Looking Up – Bob Eklund

PIA02976-16Before humans could take their first steps on the Moon, that mysterious and forbidding surface had to be reconnoitered by robots. In 1961, When President John Kennedy set a goal of landing astronauts on the lunar surface, little was known of that world, beyond what could be gleaned from observations by telescopes.

Was the surface solid enough to support the 33,500-pound Apollo lunar lander? Or was it so deeply covered in dust from billions of years of meteorite impacts, as some theorized, that the lunar module would simply sink out of sight, dooming the astronauts?

A series of U.S. mapping spacecraft called Lunar Orbiters photographed the Moon from orbit in 1966 and 1967. But it would be the Surveyors that would scout that rugged surface for Apollo, and 50 years ago this month, the first of that series of landers touched down successfully. Surveyor 1 landed on the Moon on June 2, 1966.

As JPL’s Justin Rennilson, co-principal investigator on the Surveyor television experiment, recalls, “Planning for Apollo required getting really high-resolution images showing the details of the lunar surface.. Even something two feet in size could topple a spacecraft.”

“We figured the probability of success at around 10 to 15 percent,” Rennilson said.

Surveyor had been sent on a direct trajectory—it would not enter lunar orbit before landing, but would hurtle directly towards the surface at 6,000 mph. The thrusters had to fire at precisely the right moment and maintain perfect orientation to communicate with Earth, all the way down.

“I remember sitting there watching the oscilloscope as the spacecraft was coming down,” said Rennilson, “all the way to the lunar surface. ‘God, the signal is still there and it is still working!’ I thought. We were successful and it was just astounding.”

The first views of the lunar surface were striking, but not easily acquired. Photography from space was still in its infancy. The camera was advanced for its time, a slow-scan television imager with a zoom lens—the first time such an arrangement had been used in space.

The first sets of panoramic images were created using a then-new technique of taking instant-photography images from a small TV screen and then assembling the photographs into a larger image.
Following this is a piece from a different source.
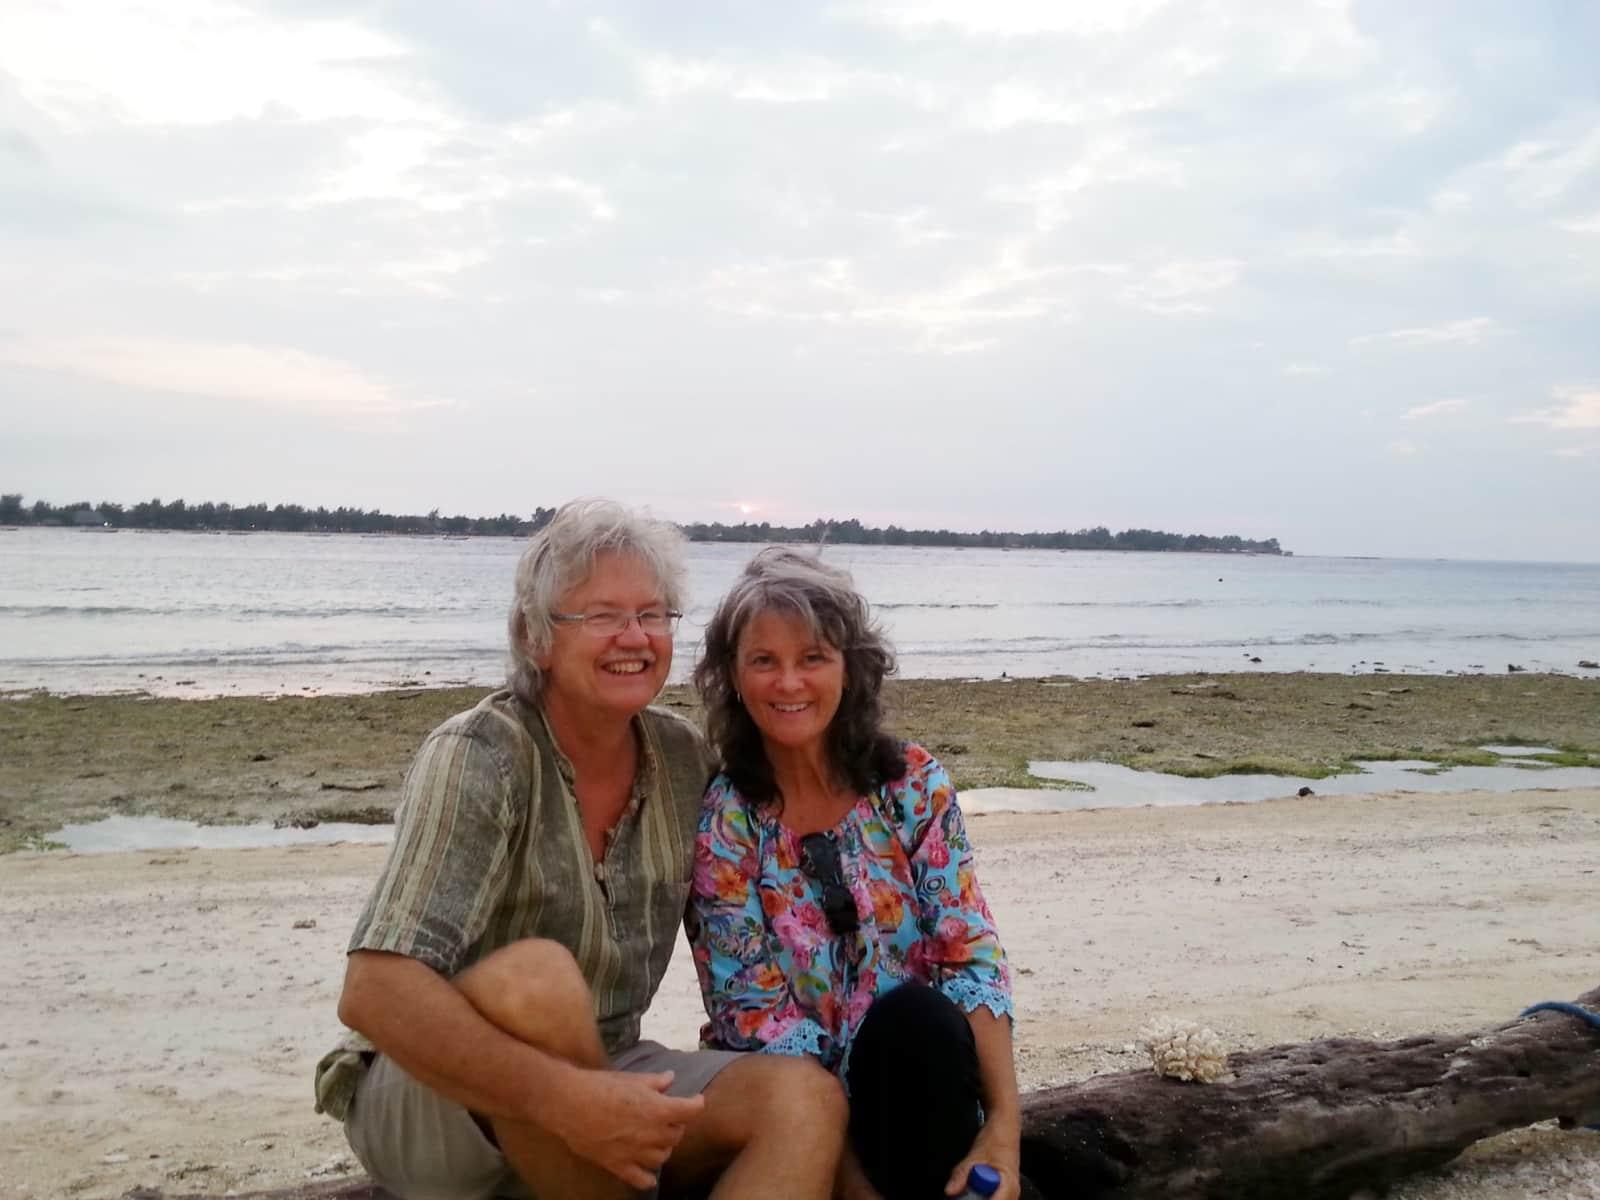 Noela & Paul from Sunshine Coast, Queensland, Australia

Rennilson remembers the process vividly: “We had a Polaroid camera attached to a 5-inch-diameter CRT so that you could capture images on Polaroid film.

By the end of Surveyor 1’s mission six months after it landed on the Moon, 11,240 images had been returned, allowing for the creation of dozens of wide panoramas and allowing the examination of details as small as 0.04 inch (1 millimeter) in diameter. Images of the three footpads demonstrated that not only was landing on the Moon possible, but that the lander had not sunk into deep Moon dust—as was feared by some scientists—but had landed on a firm, supportive surface.

By the time Surveyor 7 completed operations on the Moon in February 1968—just 10 months before Apollo 8 orbited the Moon—the pathway to the first crewed lunar landing of Apollo 11 on July 20, 1969, was open. The Surveyor program had been critical to that accomplishment.